◆ DATASET CONTENT
○ ○ ○
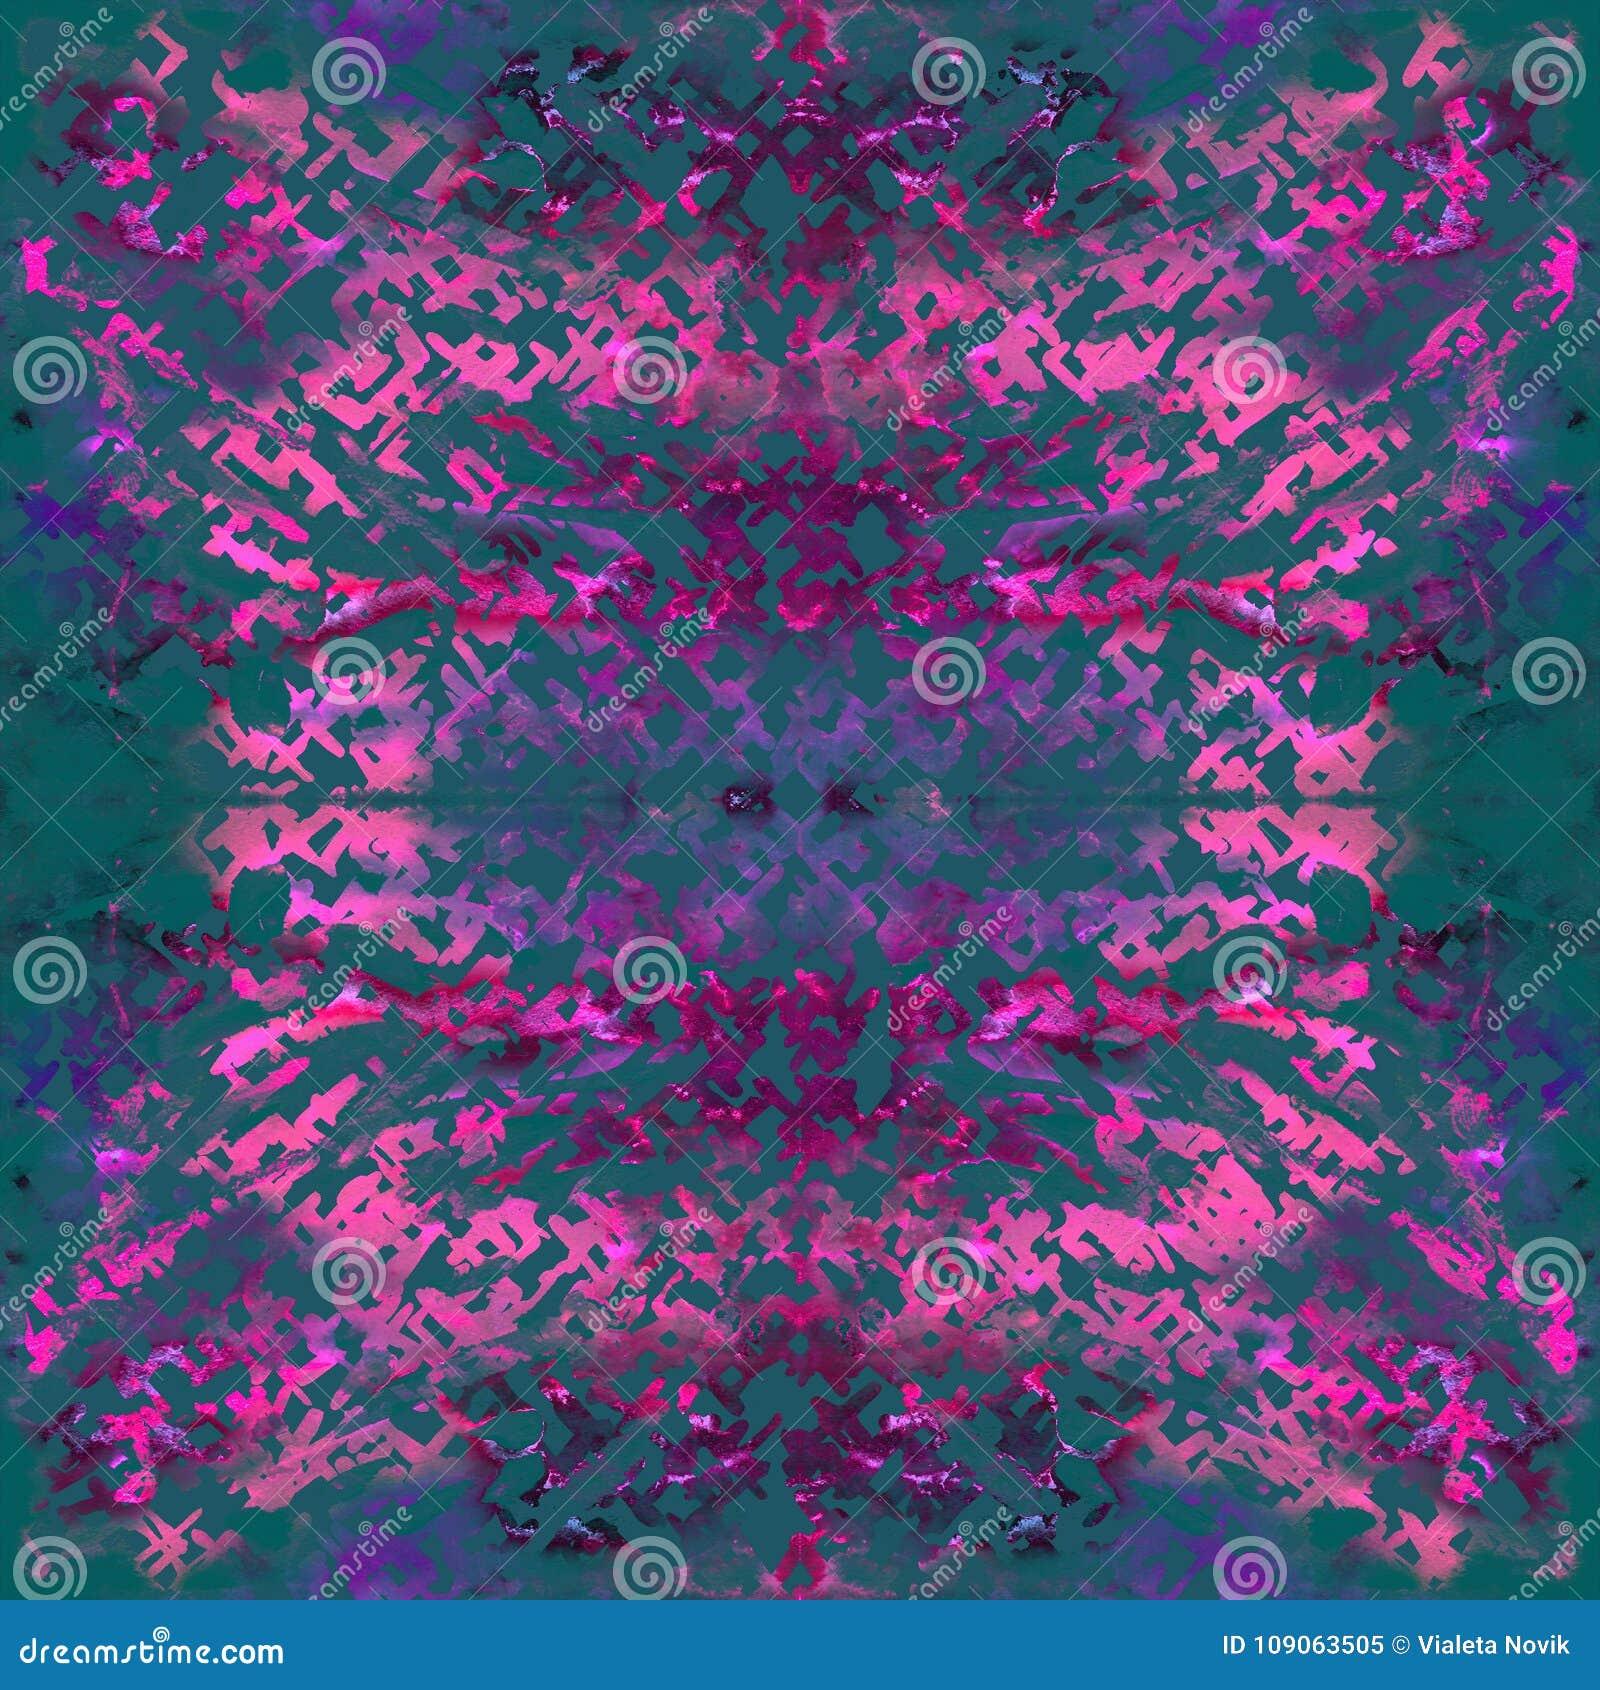 71472182 Tie dye seamless pattern. Hand drawn shibori print. Ink textured japanese  background. Modern batik wallpaper tile. Watercolor endless backdrop.  Colored ...
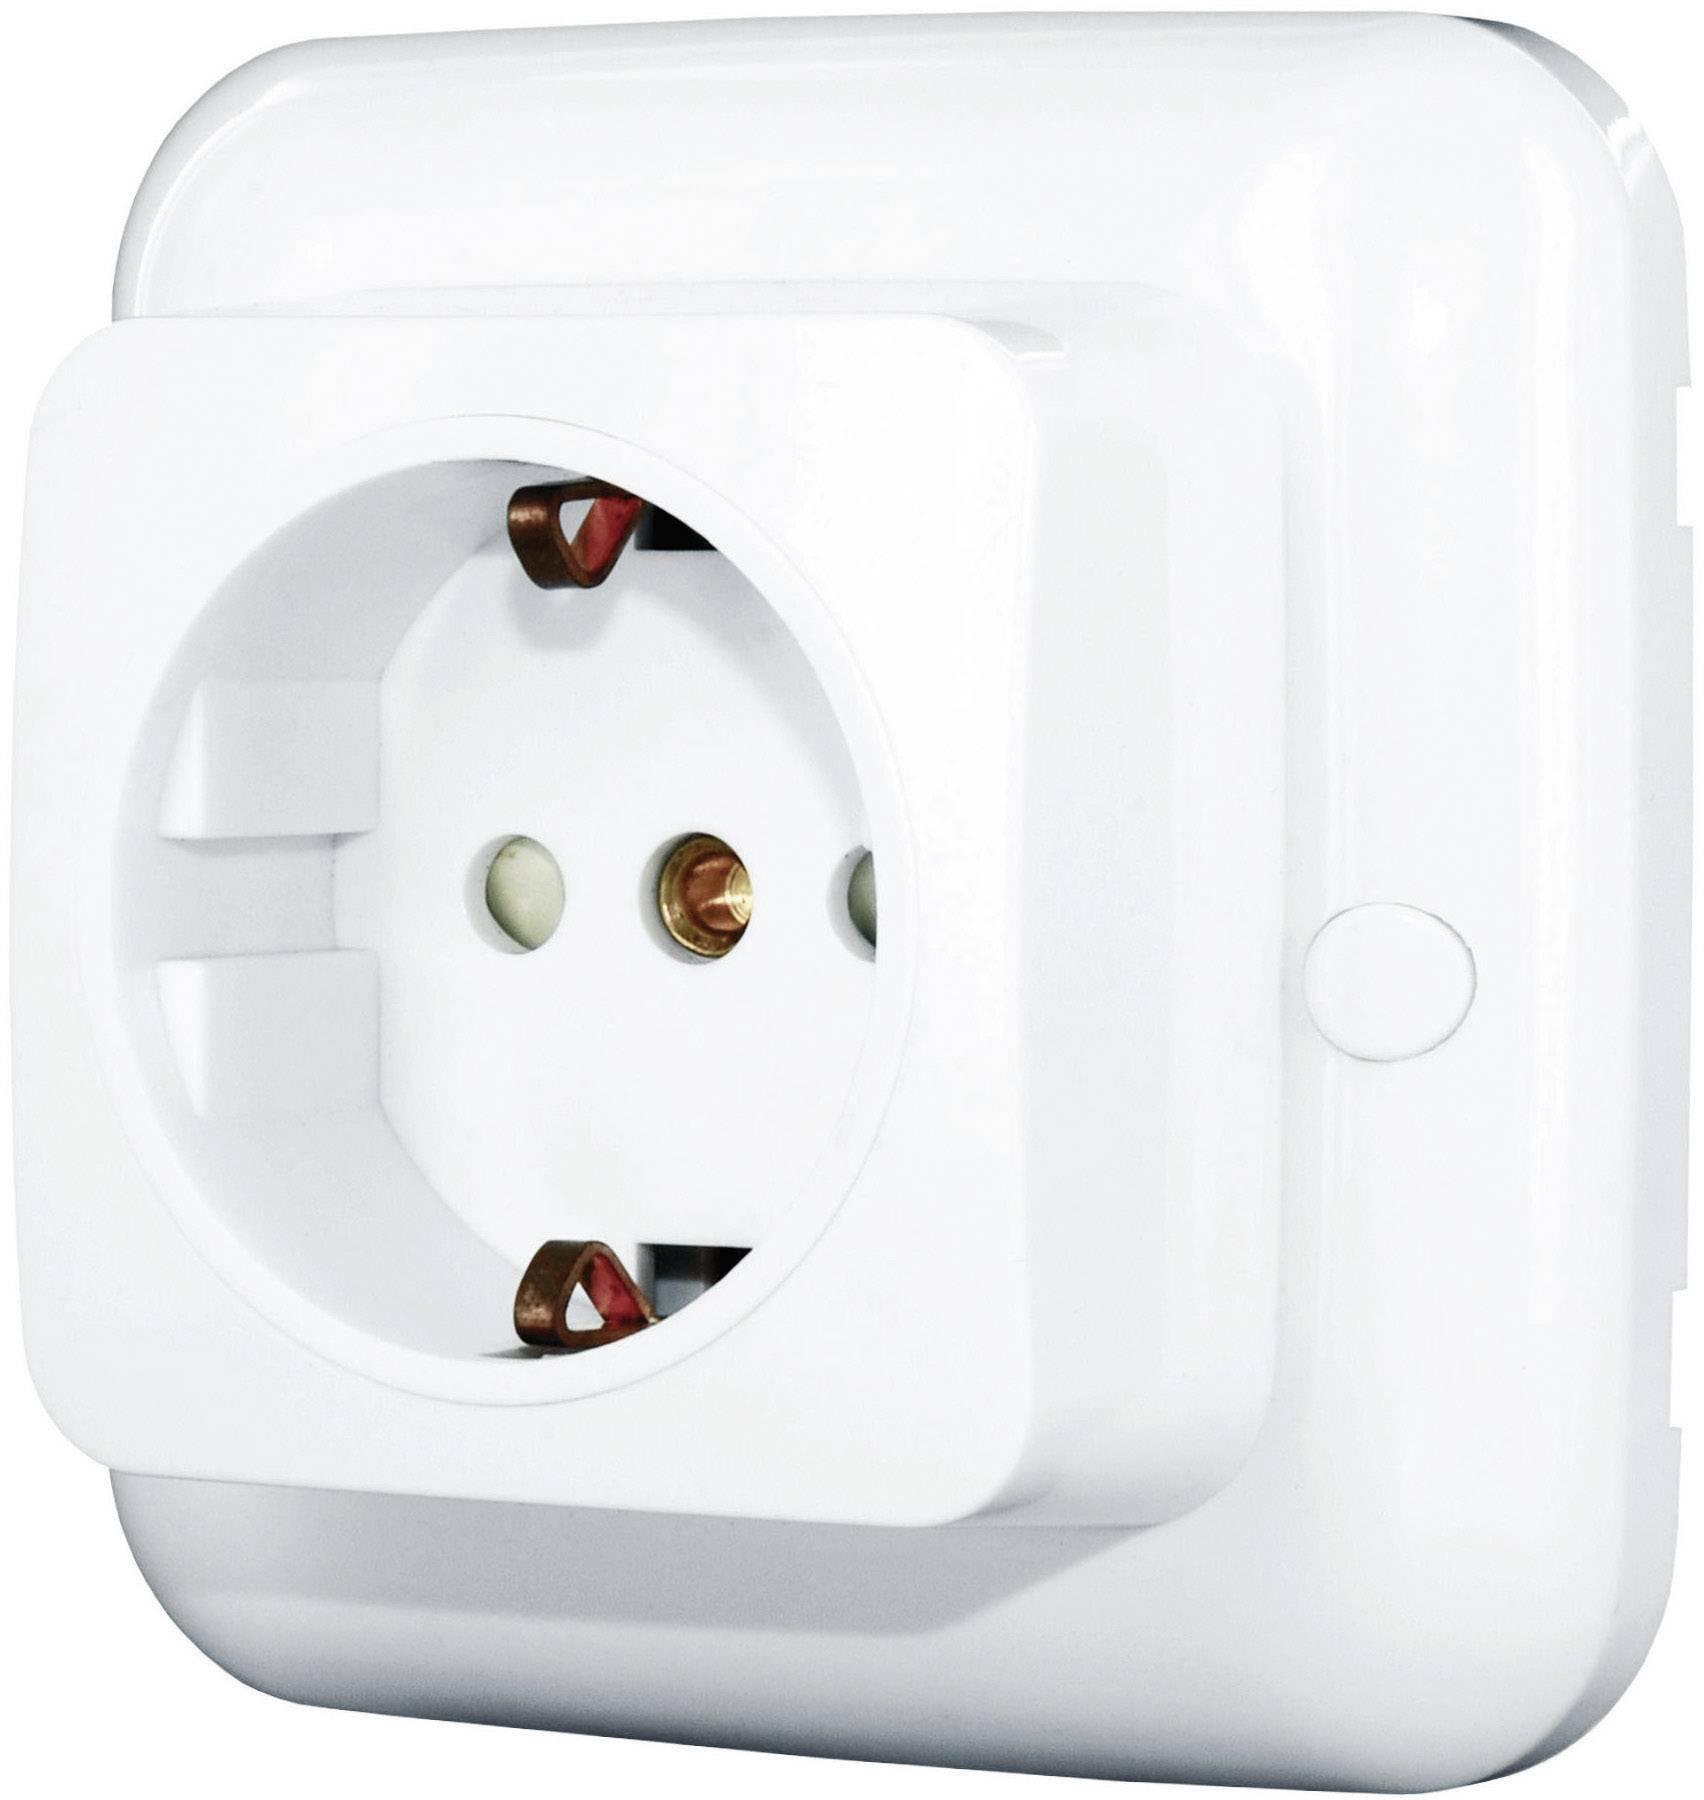 Bezdrôtová zásuvka Home Easy HE881, max. 2300 W
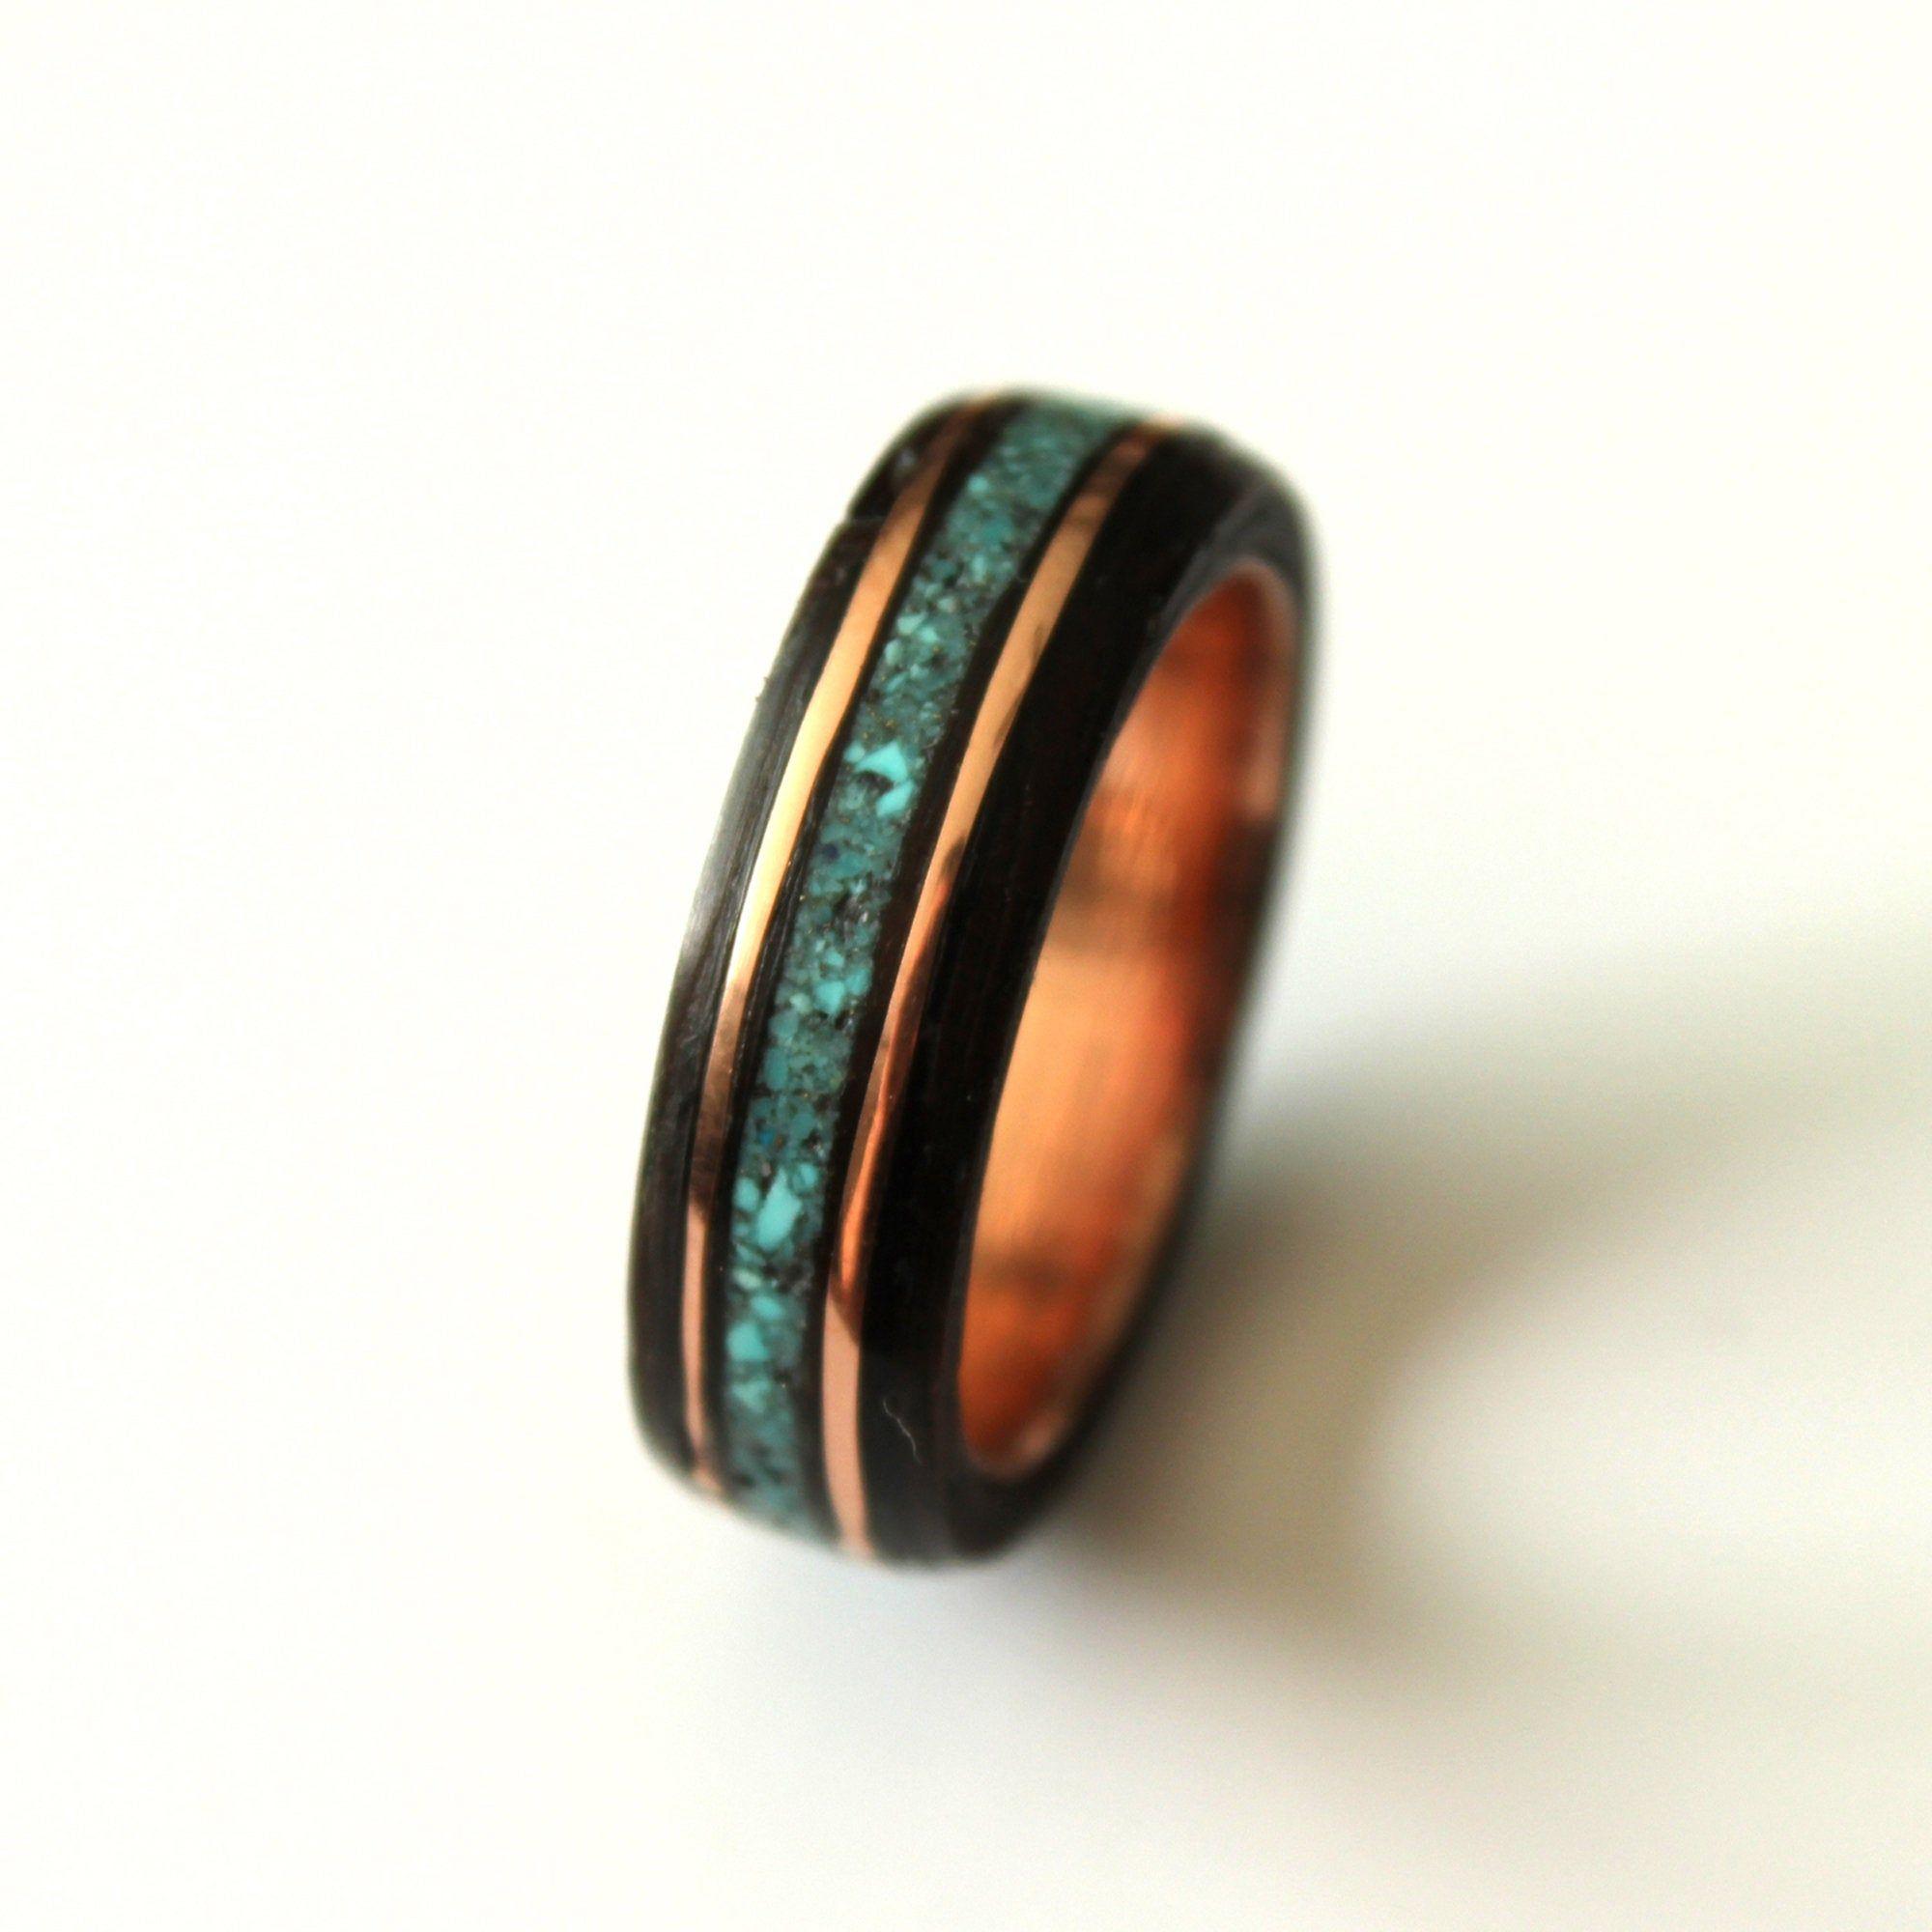 Ou Acheter Bois Ipe bague bois d'ipé et sel de turquoise sur anneau de cuivre en
○ ○ ○
Could the material above be written out again word for word, with the pictures dropped?

 71472182 Tie dye seamless pattern. Hand drawn shibori print. Ink textured japanese  background. Modern batik wallpaper tile. Watercolor endless backdrop.  Colored ...
 Bezdrôtová zásuvka Home Easy HE881, max. 2300 W
 Ou Acheter Bois Ipe bague bois d'ipé et sel de turquoise sur anneau de cuivre en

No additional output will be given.